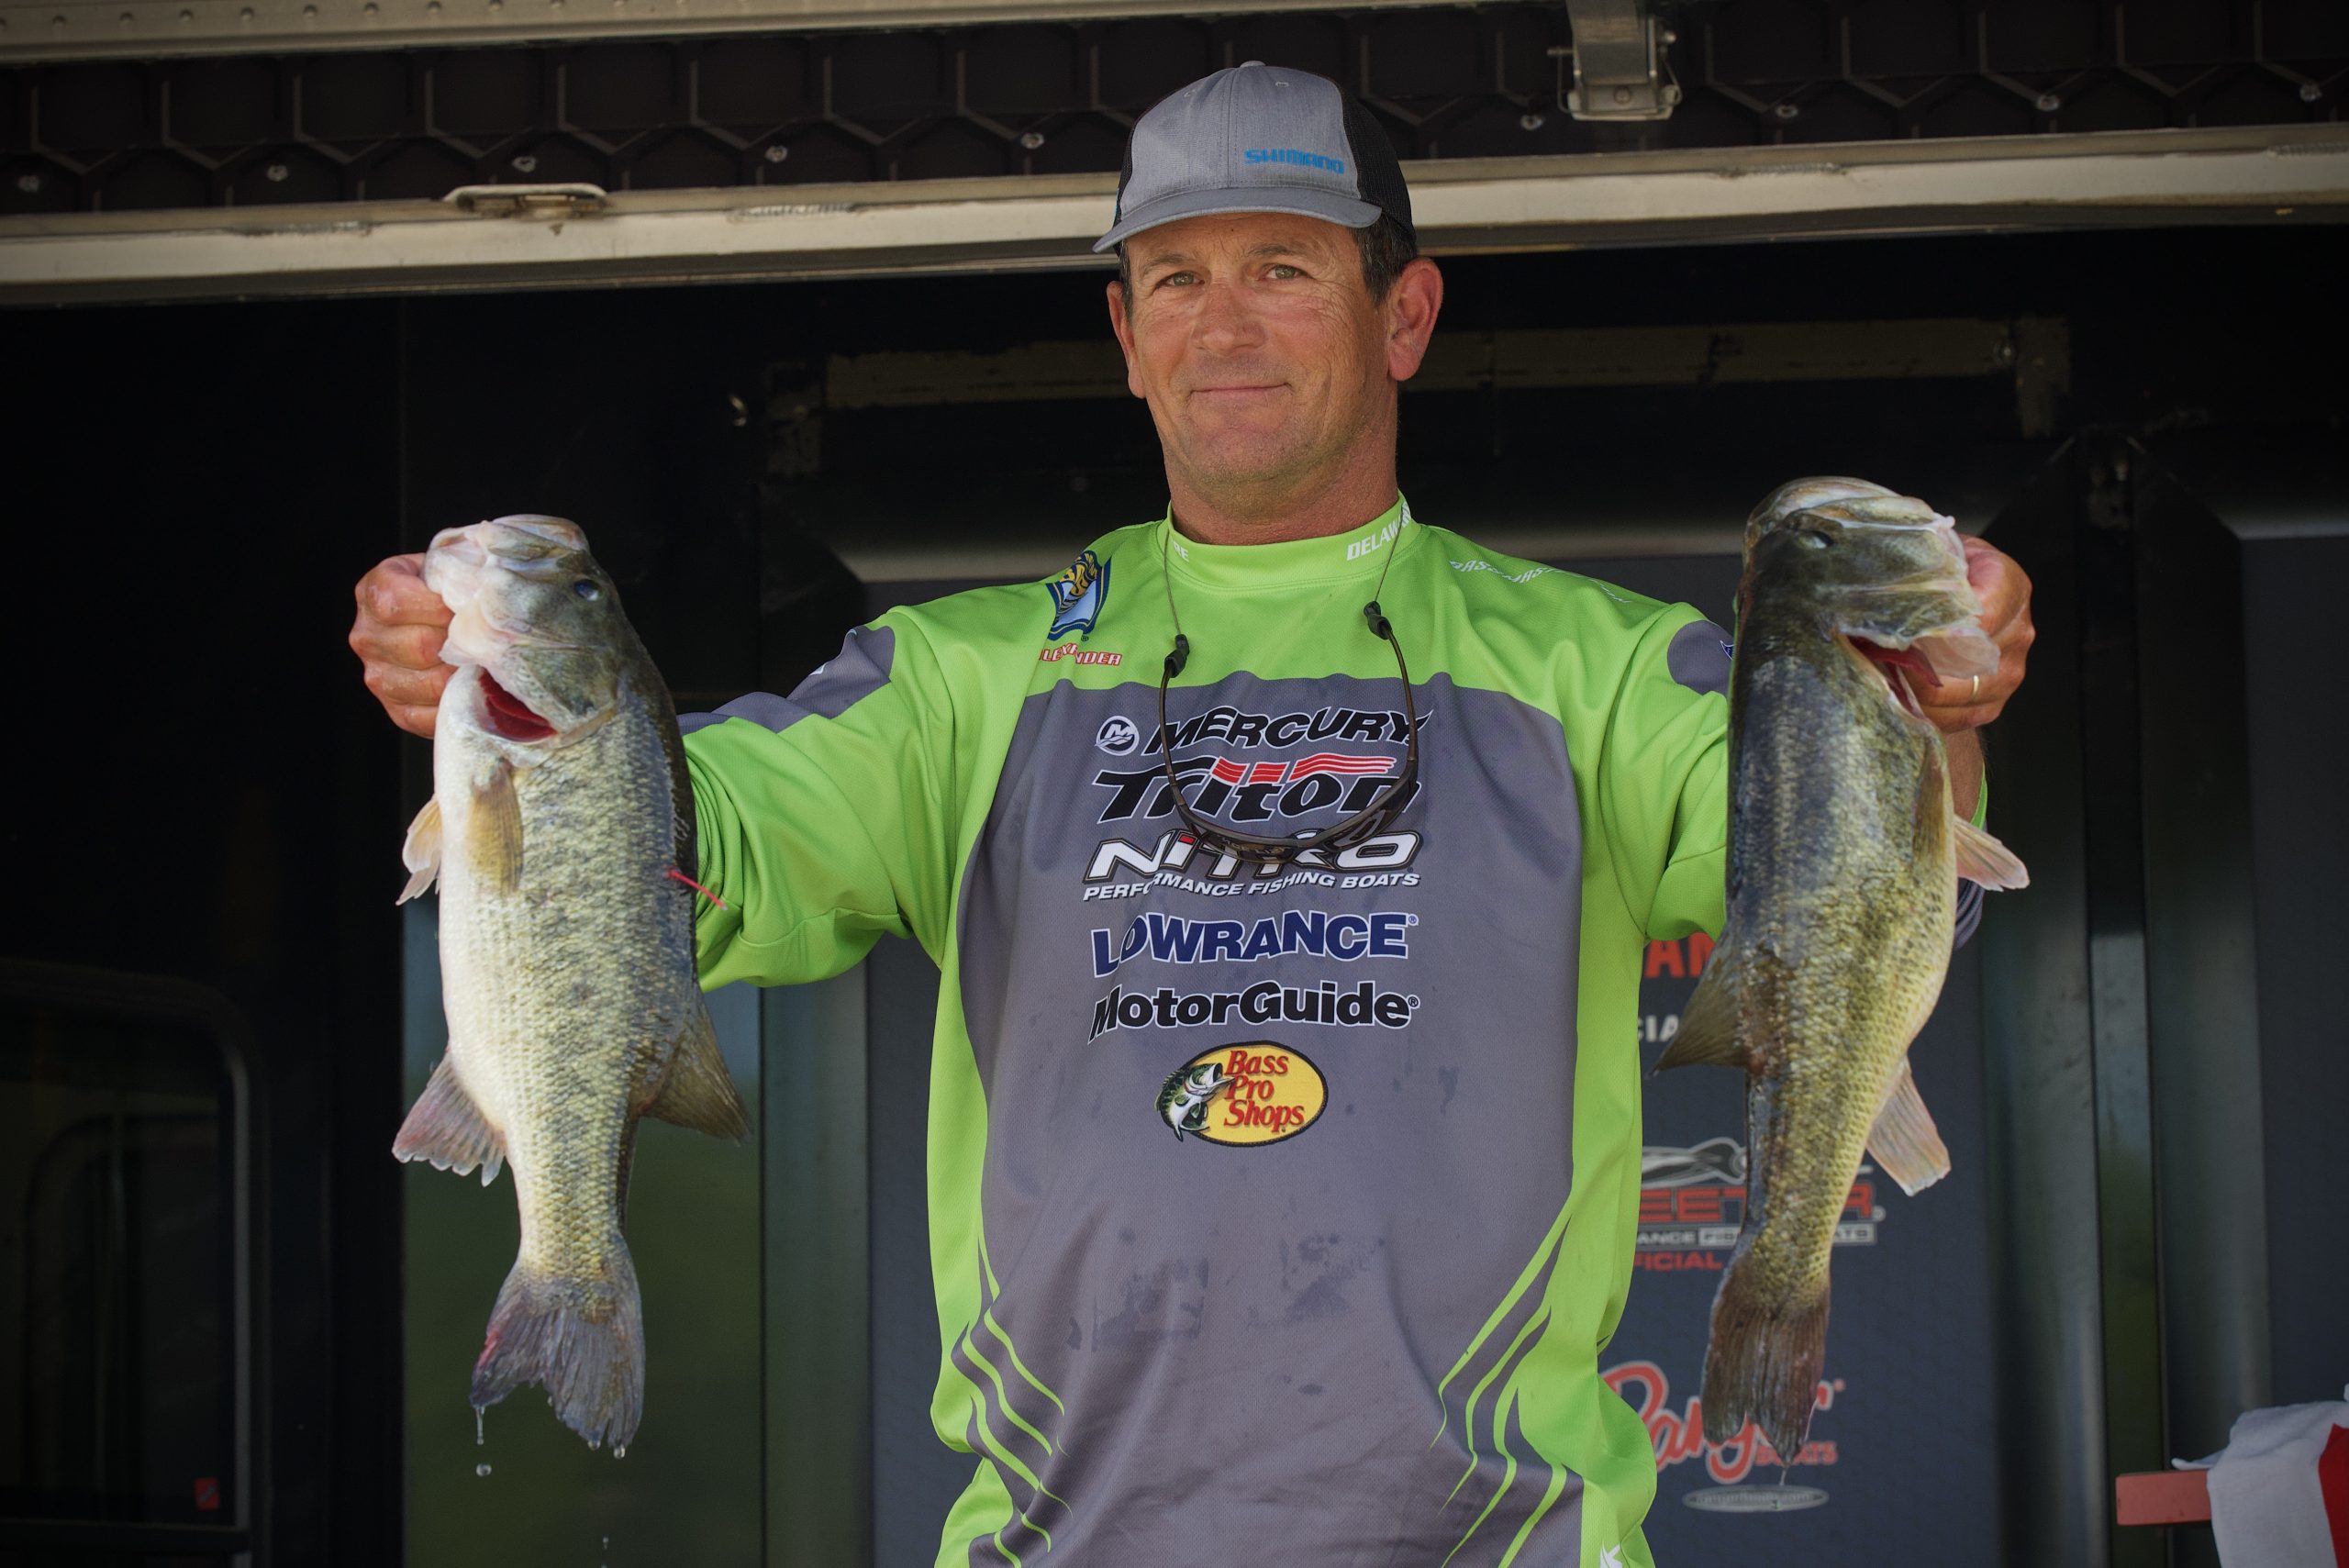 Unique Crankbait Pattern Puts Iaconelli First in Northern Open Points
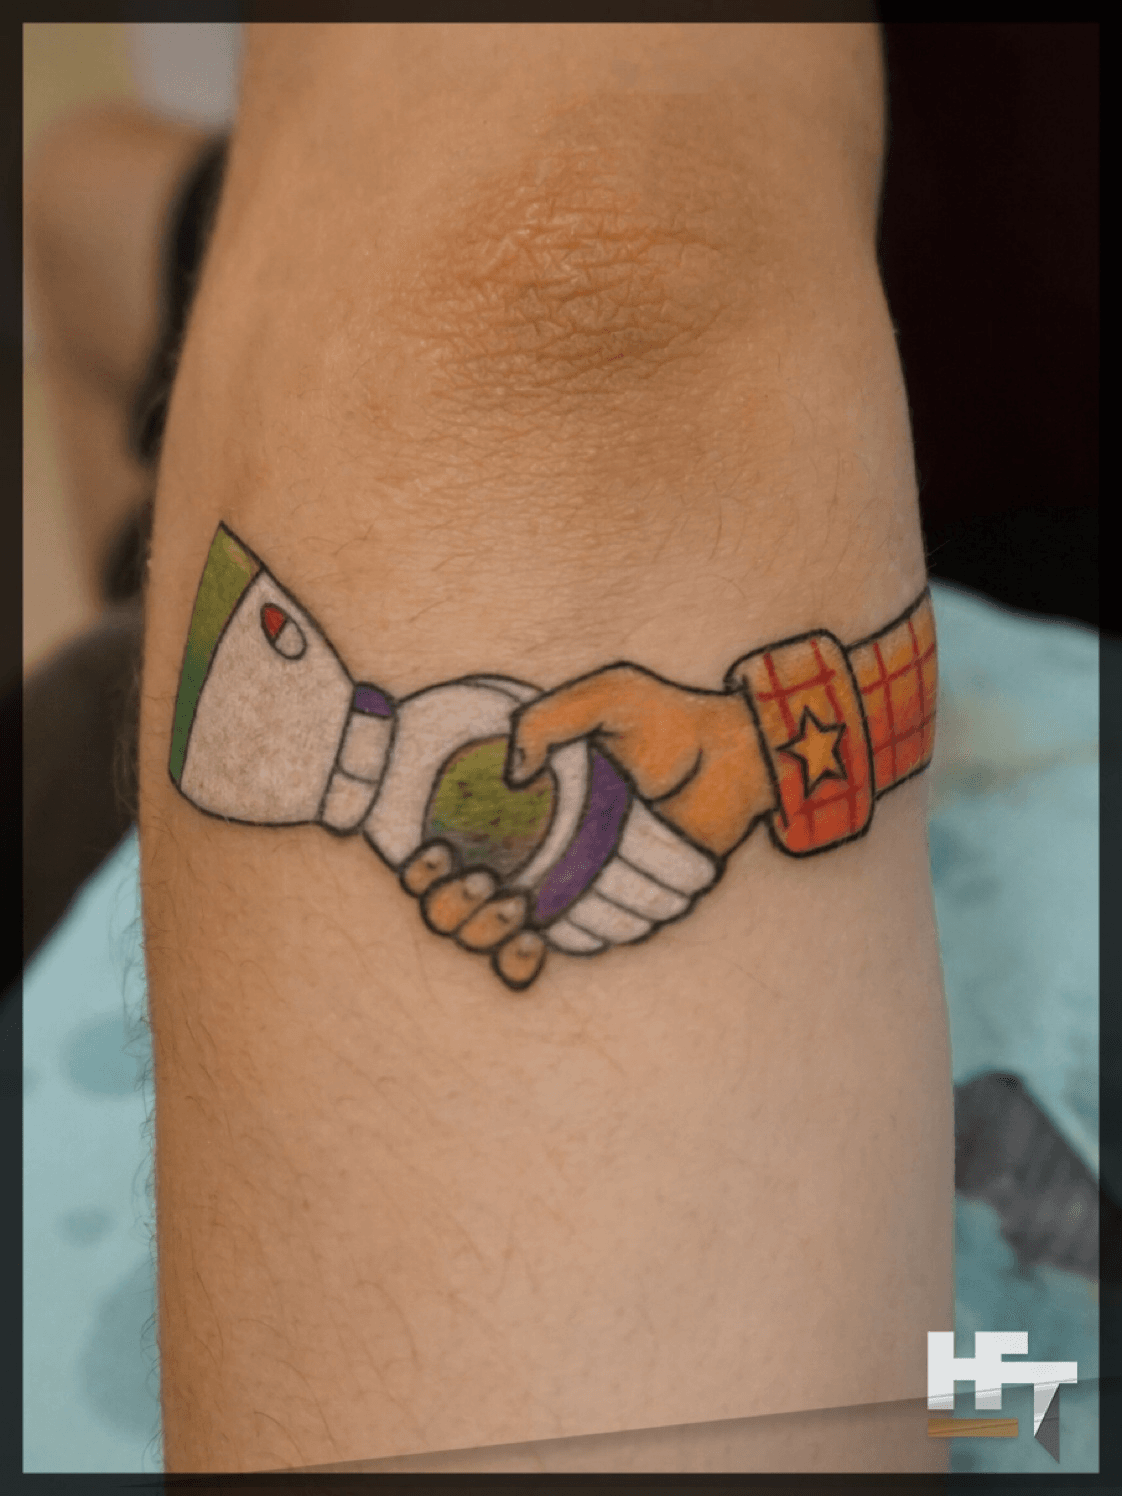 Mary Jane Tattoo Artist  Rex and Woody from Toy Story Make up your own  mind whats happening Thank you Rosemary for such a cool idea and trusting  me again Im down
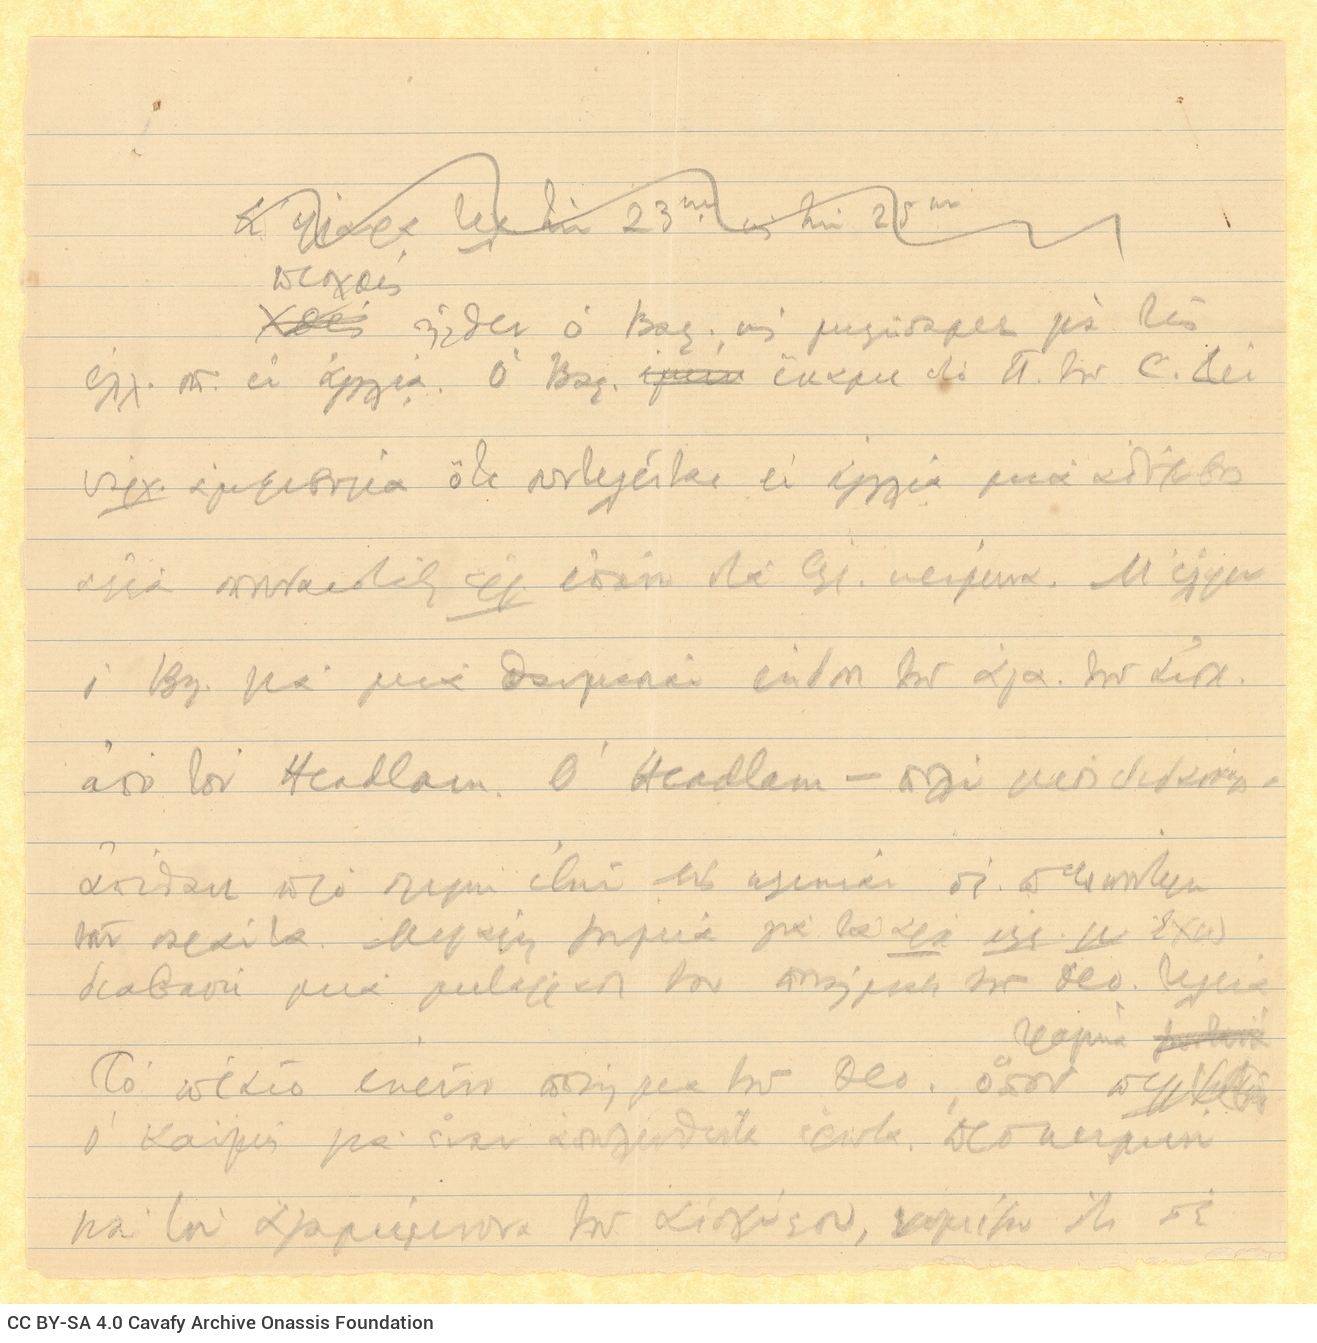 Draft letter by Cavafy to Alekos [Singopoulo] on one side of a piece of paper and on both sides of a ruled sheet. Reference t

Task instructions
All the data above is to be transcribed exactly, with no pictures included.

Written answer
 Unique Crankbait Pattern Puts Iaconelli First in Northern Open Points
 Mary Jane Tattoo Artist  Rex and Woody from Toy Story Make up your own  mind whats happening Thank you Rosemary for such a cool idea and trusting  me again Im down
 Draft letter by Cavafy to Alekos [Singopoulo] on one side of a piece of paper and on both sides of a ruled sheet. Reference t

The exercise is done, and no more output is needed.